The result is that CDK/CloudFormation will treat this asset as updated/changed and re-deploy it, even if the actual implementation did not change.

When a Lambda is deployed this may not be an issue. It will only take some more time to transmit and re-deploy the archive.

However, when it comes to a CDK pipline this will lead to an infinite loop, because the assets of the pipline stack change each time the pipeline is created:

  • Pipeline is synthesized
  • Asset hashes changed
  • Pipeline is updated
  • Pipeline restarts, because it has changed
  • Pipeline is synthesized
  • Asset hashes changed
  • Pipeline is updated
  • Pipeline restarts, because it has changed

Create Reproducible Archives

The previous section outlined why it is important that the content and therefore hash of a Java archive (jar or zip) only changes when the actual implementation has changed. In order to achieve this the measures can be taken to mitigate the outlined problems:

  1. always use the same timestamp for all files
  2. preserve the file order in the archive
  3. prevent code generators from generating changing content

When using Gradle to build the project, the first two requirements (fixed timestamp and file order) are achieved by adding the following configuration to the build.gradle.kts script:

tasks.withType<Jar> {
    isPreserveFileTimestamps = false
    isReproducibleFileOrder = true
}

The Gradle documentation gives a more detailed explaination about this topic. For Maven there is also an article about Configuring for Reproducible Builds in the documentation.

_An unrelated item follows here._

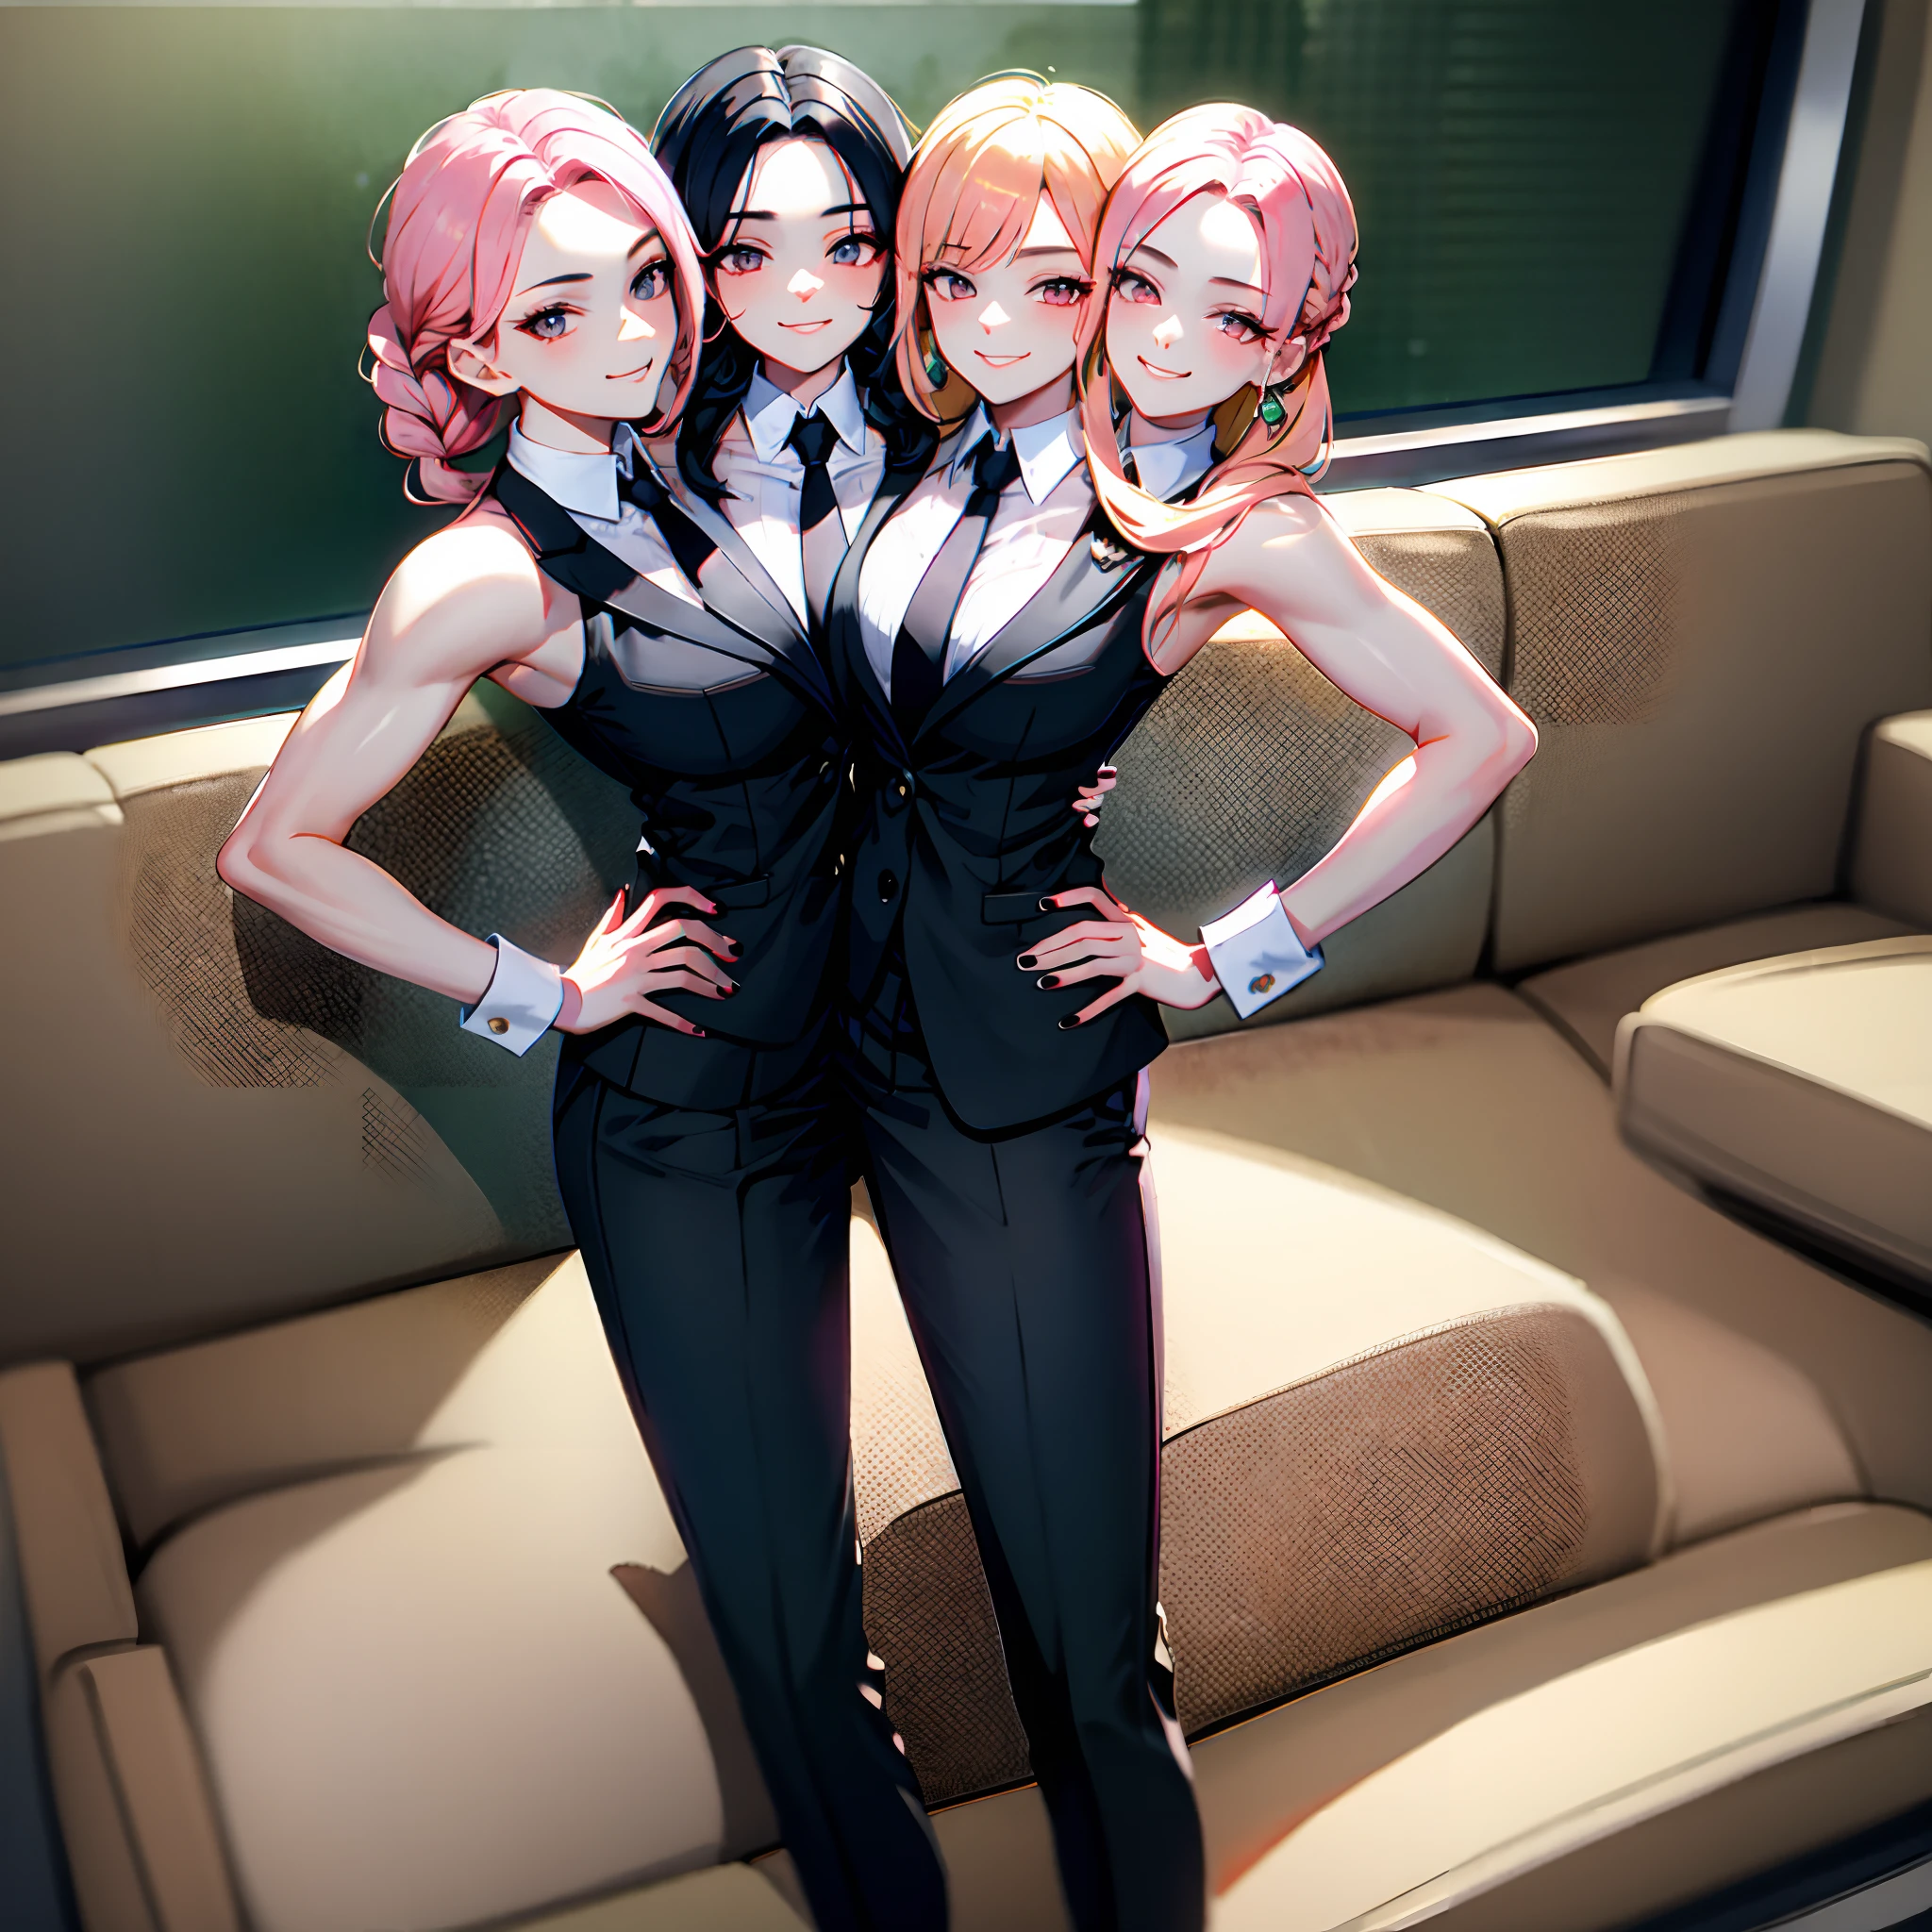 (masterpiece, best quality), best resolution, (3heads:1.5), dynamic angle, (masterpiece, best quality), best resolution, (3heads:1.5), dynamic angle, pink hair, black hair, blonde hair, black nails, smug, hand on hips, wink, braided hair, business suit, pants, tie, sitting, legs crossed, masculine, manly, muscular

When it comes to the last requirement it depends on the generator that is being used. For example MapStruct will include a timestamp in each generated class by default:

@Generated(
    value = "org.mapstruct.ap.MappingProcessor",
    date = "2017-07-04T12:08:56.235-0700",
    comments = "version: 1.5.3.Final, compiler: IncrementalProcessingEnvironment from gradle-language-java-8.0.2.jar, environment: Java 11.0.17 (Amazon.com Inc.)"
)
public class MyFancyMapperImpl implements MyFancyMapper {
    //...
}

Since the date attribute will change each time the mapper implementation is generated (gradle clean build) the hash of the resulting archive will also change, even if the mapper implementation is exactly the same.

To prevent this in the case of MapStruct you need to add the following configuration:

@MapperConfig(suppressTimestampInGenerated = true)
public interface GeneralMapperConfig {
}

Then add this configuration to all mapper interfaces or classes:

@Mapper(
        config = GeneralMapperConfig.class
)
public interface MyFancyMapper {
    // ...
}

With this configuration MapStruct will omit the timestamp and re-create the same implementation class each time.

Conclusion

In this article we learned, why it is important to create reproducible assets for applications that are deployed using CDK. We then looked at ways on how to create these assets in Java projects by configuring the generation of application artifacts like jar archives. Finally we looked at MapStruct as a generator that also has to be configured in order to create reproducible implementations.